The animal I got was a penguin.


----------



## Whaler (Feb 13, 2011)

great, now i am torn. do i continue to vote for my local shelter http://catales.org even though it seems a lost cause since it has dropped to 4th place in my state or do i try to bump this one up the list?


----------



## my5kitties (Sep 13, 2005)

Whaler said:


> great, now i am torn. do i continue to vote for my local shelter http://catales.org even though it seems a lost cause since it has dropped to 4th place in my state or do i try to bump this one up the list?


Why not vote for both?


----------



## Dave_ph (Jul 7, 2009)

Is there a non-Facebook site for this? I'm having an FB problem.


----------



## Mitts & Tess (Sep 4, 2004)

Dave_ph said:


> Is there a non-Facebook site for this? I'm having an FB problem.

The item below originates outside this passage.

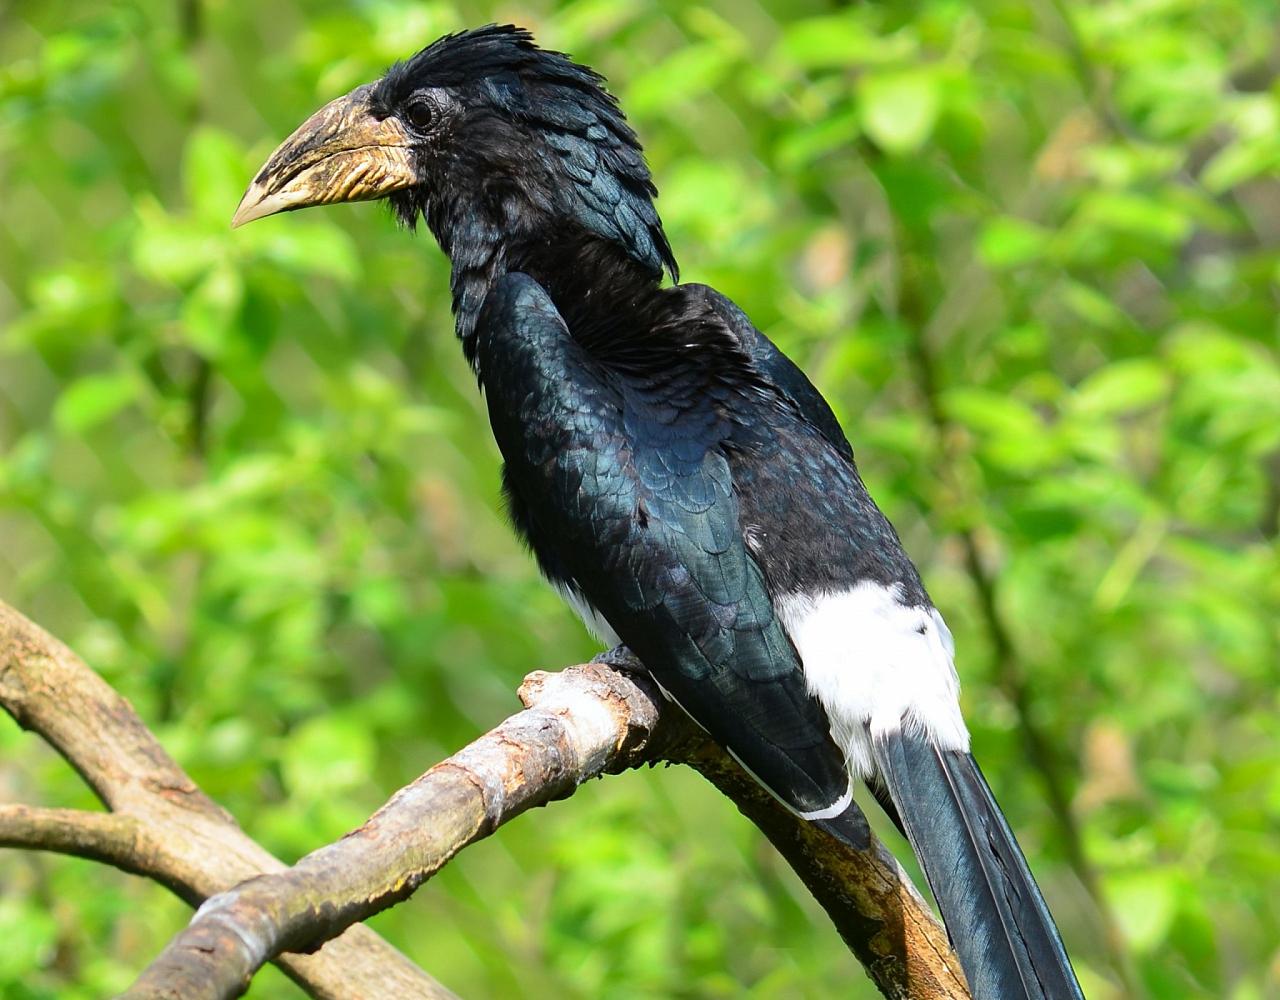 Piping Hornbill, Ghana Nature Tour, West Africa, African Safari, Ghana Birds, Birdwatching, Guided Nature Tour, Wildlife Photography, Ecotourism

 IF you mean does the BCR have a facepage? Yes they do!
http://www.facebook.com/#!/pages/Blind-Cat-Rescue-and-Sanctuary-Inc/121386005165

or to vote
http://www.theanimalrescuesite.com/...s_home_from_ars_shelterchallenge_leftnav_logo

or the website and blog for BCR
Blind Cat Rescue Home Page

Renee you can only vote once a day. Im not voting for my own TNR group because we havent a prayer to even place to win. So I vote BCR each day.


----------



## Dave_ph (Jul 7, 2009)

Even better. I had forgotten that there was a general food donation for clicking on that page. 


Penguins!!!

At least it wasn't the deadly raccoon.


----------



## Dave_ph (Jul 7, 2009)

The latest secret animal I got was a fox.


----------



## Dave_ph (Jul 7, 2009)

This time it was a zebra. And I clicked to donate kibble to shelter aniumals. That makes me better than everyone else. Just me and Charlie Sheen.


----------



## Dave_ph (Jul 7, 2009)

Free kibble for the little orphan kitties by clicking above


----------



## Dave_ph (Jul 7, 2009)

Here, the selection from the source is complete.